Jednak wcale nie jest to takie oczywiste, ponieważ rynek gdańskich firm wywożących odpadki jest daleki od równowagi.

- Największa firma w Gdańsku, czyli PRSP, ma 67 proc. rynku, druga 4,5 proc., a pozostałe kilkadziesiąt jeszcze mniej. Żeby powalczyć w przetargach, małe firmy będą musiały się konsolidować, albo liczyć, że zwycięzca zatrudni ich jako podwykonawców - tłumaczy Lisicki.

Na lutowej sesji radni prawdopodobnie przyjmą uchwałę, w której ustalona będzie powierzchniowa metodą pobierania opłat za wywóz śmieci oraz stawki 66 gr za m kw. za posegregowane odpady oraz 88 gr za m kw. za nieposegregowane. Takie opłaty naliczane mają być w mieszkaniach o powierzchni do 110 m kw. Po przekroczeniu tej powierzchni, za każdy dodatkowy metr będzie doliczane jedynie 10 gr.

Oferty na wywóz odpadów mają być otwarte 8 marca. O wyborze oferty w 60 proc. zadecyduje cena ofertowa, a w 40 proc. cena jednostkowa za odbiór i transport 1 tony odpadów z podziałem na mokre i suche. Zwycięzcy przetargu, podpiszą umowę na zamówienie na okres 27 miesięcy, ważną do 30 września 2015 roku. Po tym okresie będzie ogłoszony kolejny przetarg.

To nie jedyne przygotowania do reformy. ZDiZ już w zeszłym roku ogłosił warty 5 mln zł przetarg na budowę nowego budynku i rozbudowę dwóch starych przy ul. Partyzantów zobacz na mapie Gdańska. Miało tam pracować około 30 urzędników odpowiedzialnych za pobieranie i rozliczanie opłat za śmieci. Do tej pory w związku z tym zostało zatrudnionych sześcioro nowych pracowników w ZDiZ.

Czytaj też: 5 mln na biura dla urzędników. Zajmą się śmieciami

- Budowa jeszcze się nie zaczęła, jednak w dostępnych przy Partyzantów pomieszczeniach, 25 lutego zostanie oficjalnie otwarte biuro obsługi, dla mieszkańców będzie dostępne następnego dnia. Będzie w nim można uzyskać wszelkie informacje o reformie, a po uchwaleniu uchwały śmieciowej, także załatwić wszystko w związku z opłatami za śmieci - zapowiada Katarzyna Kaczmarek, rzecznik ZDiZ.

25 lutego wystartuje też nowa strona internetowa i infolinia (na razie nie podano adresu strony ani numeru infolinii), dzięki którym mieszkańcy uzyskają podstawowe informację o reformie śmieciowej.

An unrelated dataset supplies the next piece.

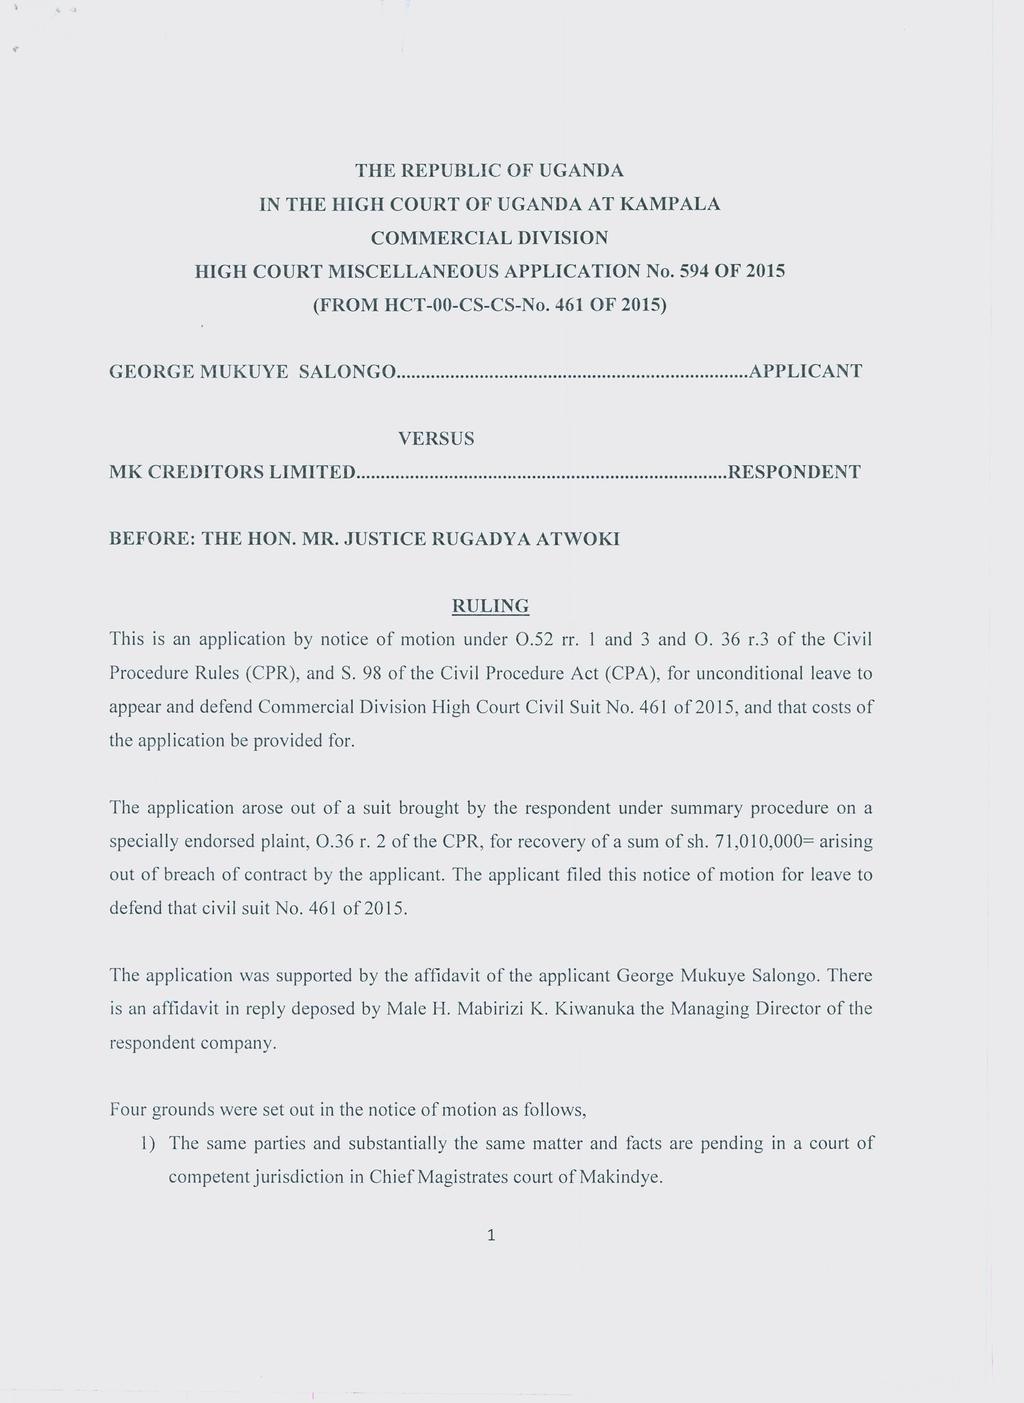 .- THE REPUBLIC OF UGANDA IN THE HIGH COURT OF UGANDA AT KAMPALA COMMERCIAL DIVISION HIGH COURT MISCELLANEOUS APPLICATION No. 594 OF 2015 (FROM HCT -OO-CS-CS-No.

Każde gospodarstwo domowe, a według danych GUS, są ich w Gdańsku 184 tys., będzie musiało złożyć deklaracje, czy będzie segregować odpady na mokre i suche. Będzie też możliwość, by takie deklaracje w naszym imieniu składały zarządy nieruchomości, albo wysyłania ich w formie elektronicznej. Miasto szykuje też szeroką kampanię informacyjną, do każdego gospodarstwa domowego mają trafić broszury ze szczegółami reformy śmieciowej.

Także w Gdyni i Sopocie uchwały śmieciowe mają trafić na sesję rad miast w lutym. Jakie metody proponują władze tych miast?

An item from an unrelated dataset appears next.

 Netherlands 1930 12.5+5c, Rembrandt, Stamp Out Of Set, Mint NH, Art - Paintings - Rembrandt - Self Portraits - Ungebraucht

Gdynia - dotąd miasto chciało wprowadzić ryczałt w wysokości 35 i 50 zł za śmieci posegregowane lub nie, ale po zmianie ustawy na pewno zdecyduje się na inną metodę. Jaką? - na razie nie wiadomo. Jednak niedawno rozstrzygnięto przetarg na odbiór odpadów i jest szansa, że zamiast 35 zł gdynianie będą płacić nie więcej niż ok. 30 zł miesięcznie.

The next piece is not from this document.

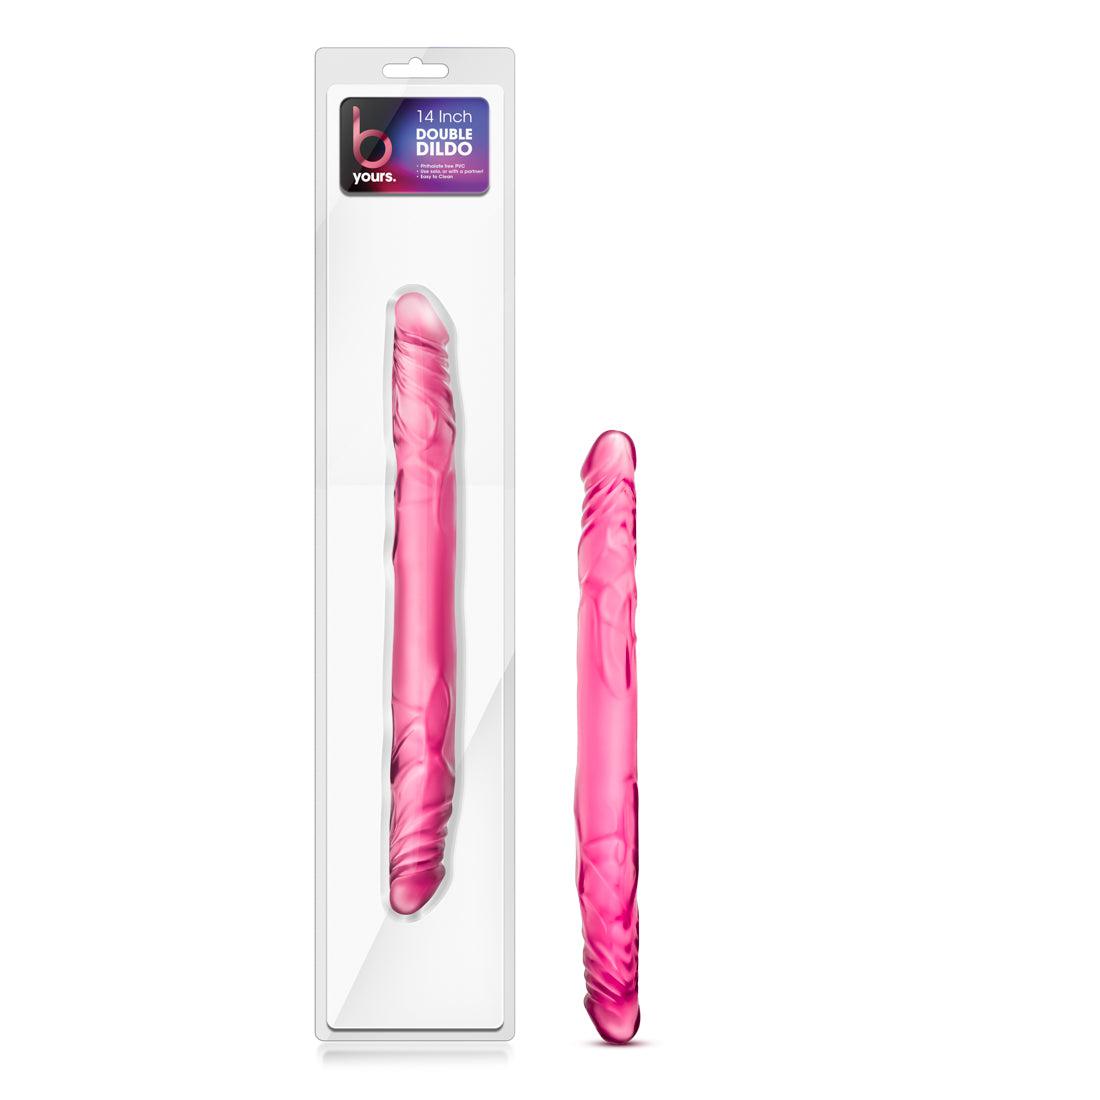 B Yours 14 Inch Double Dildo - Pink

Sopot - ryczałt (35 zł za śmieci posegregowane i 70 zł za nieposegregowane) i dwa warianty opłaty naliczanej od powierzchni. W pierwszej wersji opłata byłaby naliczana jednakowo od każdego z lokali, w drugiej - tylko od lokali o powierzchni do 110 m kw., a użytkownicy większych mieliby płacić jednakową, stałą opłatę.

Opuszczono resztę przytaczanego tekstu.